Softy PQA

This is an updated repost:

Andrew asked a very important question that we all run into at some point. How we react could determine our success with the questioning aspects of CI instruction. Andrew says:

I am struggling with the D part of R & D. I can’t seem to come up with very many questions that don’t come off as too obvious. Sometimes I feel like I am insulting their intelligence and I can see an annoyed look in some kids’ eyes. On the other hand, some kids just go about answering the question so I really don’t know what to do.

An example might be: Pearl was thirsty. She drove to Texas because she wanted a Coke. She went to Kmart. The waiter gave her a drink and she drank it. It wasn’t Coke. It was gasoline.

Is it ok to ask questions like:

Where did she drive? Why did she drive there? Did she go to Walmart? Did the waiter give her food? etc. Hopefully I’m just overthinking this process. I would appreciate anyone’s suggestions.

My reponse: Notice how in the sample questions above the verbs change. The questions meander around and don’t all contain the same target. The key point to make here is that you never ask a question that doesn’t have the target you are teaching in it, and you never don’t asking questions with that single target in it until you feel it has been circled into the ground or until you can see that they have acquired it. That is hard, but once you get that part, Circling and PQA become a lot easier.

Also: Who is Pearl? That is the question you want to ask yourself. If Pearl is just a character in a book, who cares about her? So I would just shift the nature and pace of the questioning to discuss the people right there in your classroom. How?  The first thing I would do is ask about Pearl the character in the book only up to the point where they get annoyed. For me that is about three or four questions of the kind you listed above.

But then, if I feel that more reps were necessary before returning to the reading, and they usually are, I shift the discussion away from Pearl to my kids. I like to focus on a kid who is trying to keep me from knowing he isn’t following and won’t respond.

That is to say, I sense which kid needs and can emotionally handle the work, needs to show up today in my class and respond and work and engage in sharing ideas with me in the TL with yes/no answers, and I focus on that kid, making him or her squirm just a bit, by saying something connected to the reading, but about this kid:

“Class, Alan likes Coke. Alan, do you like Coke? Do you like gasoline? Alan, Pearl drove to Texas, right? Do you drive? Do you drive to Texas?”

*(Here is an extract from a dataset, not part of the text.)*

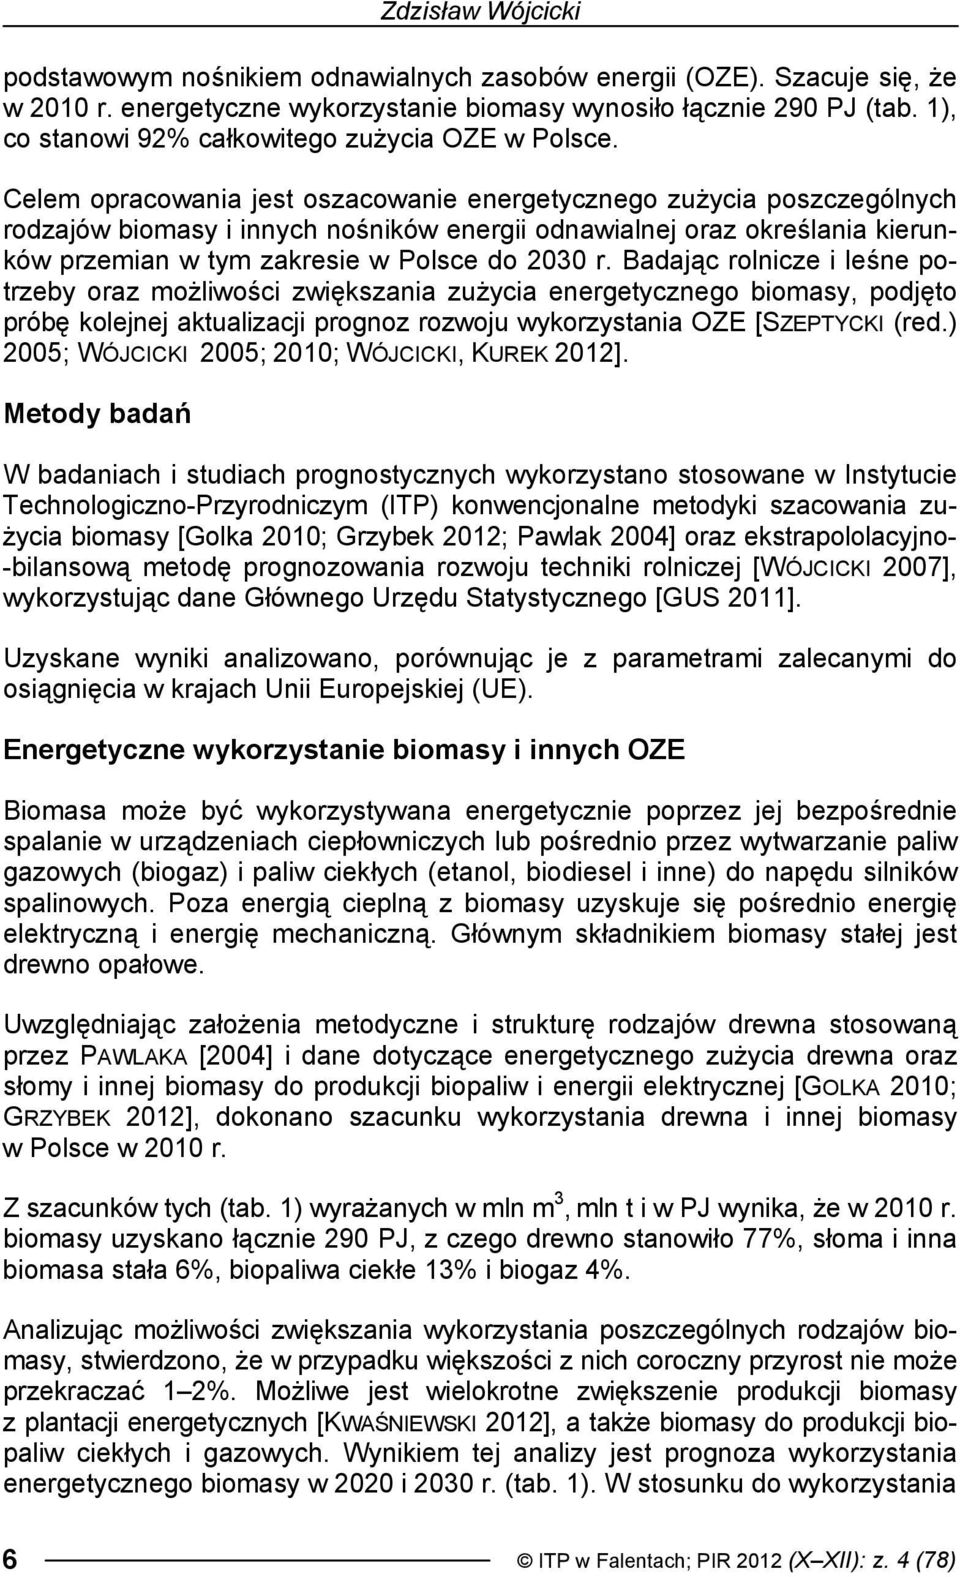 Celem opracowania jest oszacowanie energetycznego zużycia poszczególnych rodzajów biomasy i innych nośników energii odnawialnej oraz określania kierunków przemian w tym zakresie w Polsce do 2030 r.

Just keep hammering away at the kid, as per:

https://benslavic.com/blog/2012/10/03/annoying-orange/

I don’t like the softy approach to PQA. J’accuse many of us who seem afraid to lock in on a kid and hold them responsible. We often tiptoe around a kid’s frown. I go for the frown. I will lock in on the kid until the frown turns into a smile. No frowns allowed in my classroom! Smiles yes, frowns no.

In PQA discussion or R and D discussion, we personalize it. We keep the target structures from the novel in our minds and hammer away at the kids and leave the text, but never the target structure we are trying to teach. The text is not important, the reps we get in the D part of R and D are what is important*.

Remember, the D part of of R and D is just like PQA where your purpose is to get enough reps on anything that was just read so the next time the kid sees those structures in whatever context, the D part was so strong that they don’t even know why they recognize it, but they do.

*Many of us forget that the nature of our work is very simple in that it is really only about two things – getting reps on target structures and insisting on class choral responses from every kid in the room. What the target structures are doesn’t matter. As academics, many of us fall into the trap that the text is important and needs discussion. It’s not. What is important is the reps on the structures that occur wherever, in PQA, in a story, in a reading, or even on something that pops into our heads at the beginning of class in response to something funny a kid said on her way into class. We are free to write whatever structure we want on the board and work with it the whole period. A bit too random? Not for me. I’m into non-targeted comprehensible input. That’s how I keep my mental health.